Bayesian filtering of this group's riff raff. [Archive]

View Full Version : Bayesian filtering of this group's riff raff.

Tman

September 4th 08, 09:53 PM

Kind of on topic, let me tell ya.
Anyone happen across a good Usenet filter that uses Bayesian filtering
or the similar, to filter out unwanted articles based upon a user's (or
a community's) preference.

For those that don't know, these are commonly used in email spam
filters. I think it would work better than a crude old kill file.
It'll identify keywords, or patterns and attributes of messages that you
like (want to see), and those that you don't. It'll learn from your
feedback and then get smart enough to classify the messages. It works
_really well_ for email, in spite of spammers trying to thwart it.

This could be even more powerful by having a (secure) community of users
with common interests within the subset of RAP vote to train the
classifier with more volume and less user effort. WOuld need to think
about vandalism and make sure it is secure however.

Anything like this out there - for NNTP / news? I'd apprecaite any
leads. Guess I can just google this,,, and I will now, but also
interested in what some feedback might be.

RAP motivates me to write a crude one and see how it works, perhaps by
adopting pieces of spamassassin (a classifier commonly used for email).

T

John Clear

September 4th 08, 10:04 PM

In article >, Tman <x@x> wrote:
>Kind of on topic, let me tell ya.
>Anyone happen across a good Usenet filter that uses Bayesian filtering
>or the similar, to filter out unwanted articles based upon a user's (or
>a community's) preference.

You don't need anything so complex. I just killfile MX, Bertie,
and ALL followups to them, and that kills 99% of the crap.

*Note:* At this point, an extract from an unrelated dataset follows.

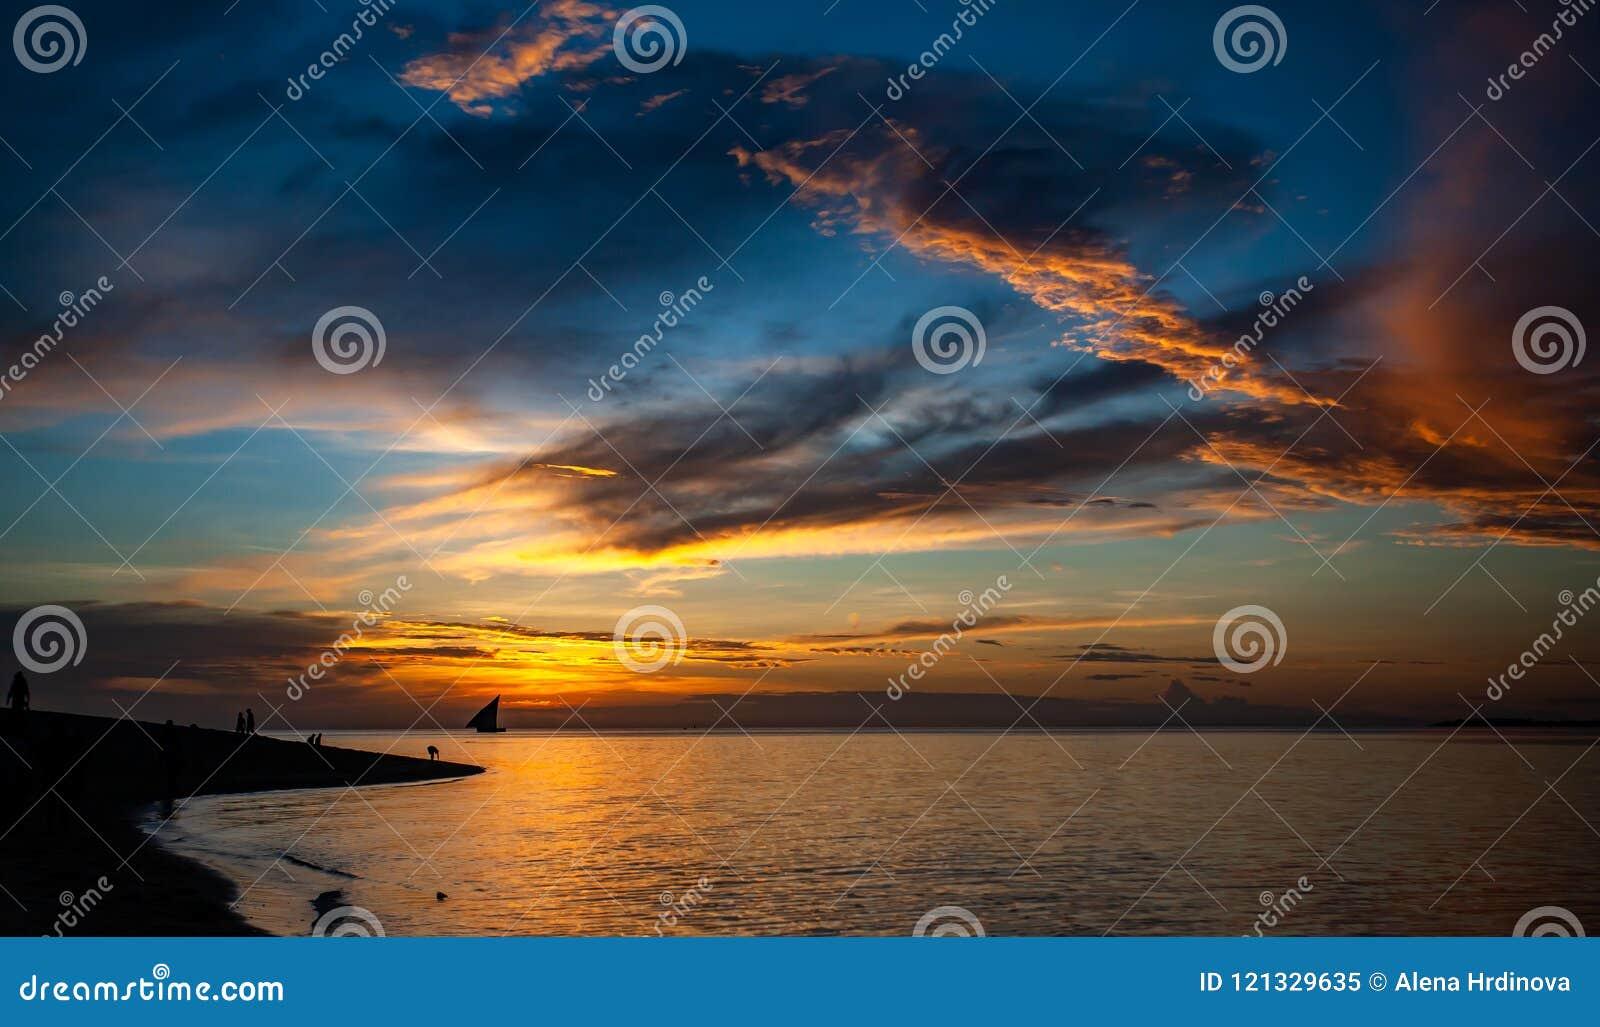 Dämmerung im tropischen Paradies, drastischer Himmel mit Wolken
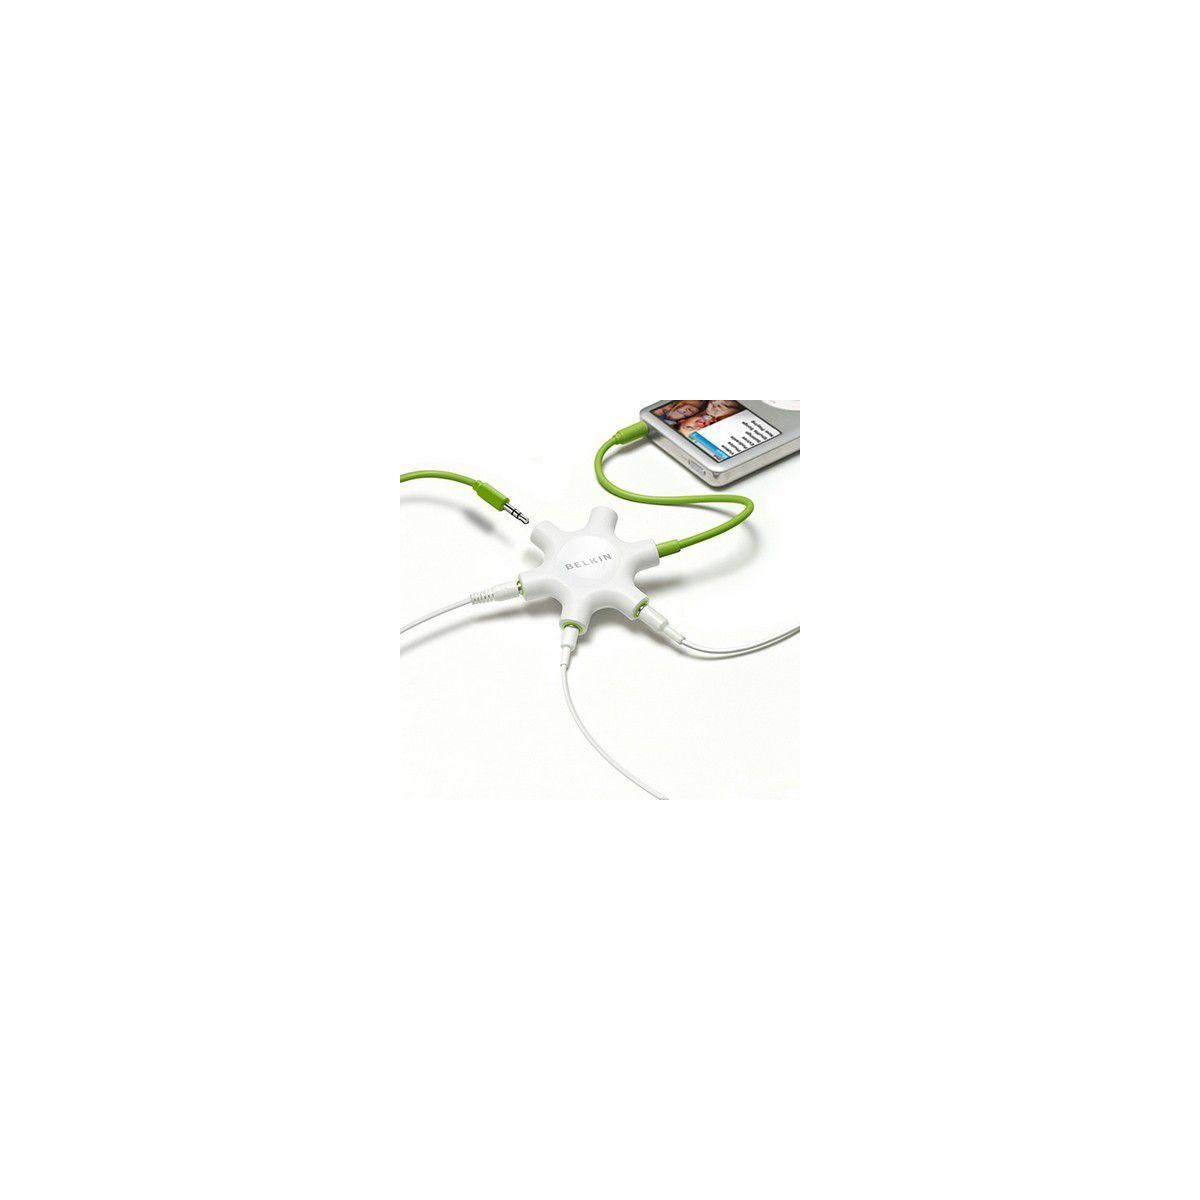 Connectique belkin splitteur 5 casques - 20% de remise immédiate avec le code : cool20 (photo)

200 new articles goes to 20 after the killfile takes care of the
circle jerkers.

John
--
John Clear - http://www.clear-prop.org/

Mike[_22_]

September 4th 08, 10:11 PM

"Tman" <x@x> wrote in message
. ..
> Kind of on topic, let me tell ya.
> Anyone happen across a good Usenet filter that uses Bayesian filtering or
> the similar, to filter out unwanted articles based upon a user's (or a
> community's) preference.

The best you're going to get is a client side filter like nfilter. It takes
a bit to learn how to use it and set it up, but with it you can even filter
out the nymshifters by using parts of their header they can't change.

alexy

September 4th 08, 11:01 PM

Tman <x@x> wrote:

>Kind of on topic, let me tell ya.
>Anyone happen across a good Usenet filter that uses Bayesian filtering
>or the similar, to filter out unwanted articles based upon a user's (or
>a community's) preference.
>
>For those that don't know, these are commonly used in email spam
>filters. I think it would work better than a crude old kill file.
>It'll identify keywords, or patterns and attributes of messages that you
>like (want to see), and those that you don't. It'll learn from your
>feedback and then get smart enough to classify the messages. It works
>_really well_ for email, in spite of spammers trying to thwart it.
>
>This could be even more powerful by having a (secure) community of users
>with common interests within the subset of RAP vote to train the
>classifier with more volume and less user effort. WOuld need to think
>about vandalism and make sure it is secure however.
>
>Anything like this out there - for NNTP / news? I'd apprecaite any
>leads. Guess I can just google this,,, and I will now, but also
>interested in what some feedback might be.
>
>RAP motivates me to write a crude one and see how it works, perhaps by
>adopting pieces of spamassassin (a classifier commonly used for email).
>
>T

Popfile, which I use to classify emails, has an NNTP client proxy
component. I haven't used it, but it might be worth a try. For email,
what I like about popfile is that it allows multiple classifications
(all using bayesian filtering), not just spam/nonspam. I use it
classify mail as
spam/personal/business/client/shopping/bills/newletters/othernonspam/unclassified.
Currently running about 97% accuracy, and most of the 3% misfiled are
"false negatives", i.e. "unclassified", not ones that have been
classified incorrectly.

Fine popfile on sourceforge.

Report back if you find it or another program to work well for this.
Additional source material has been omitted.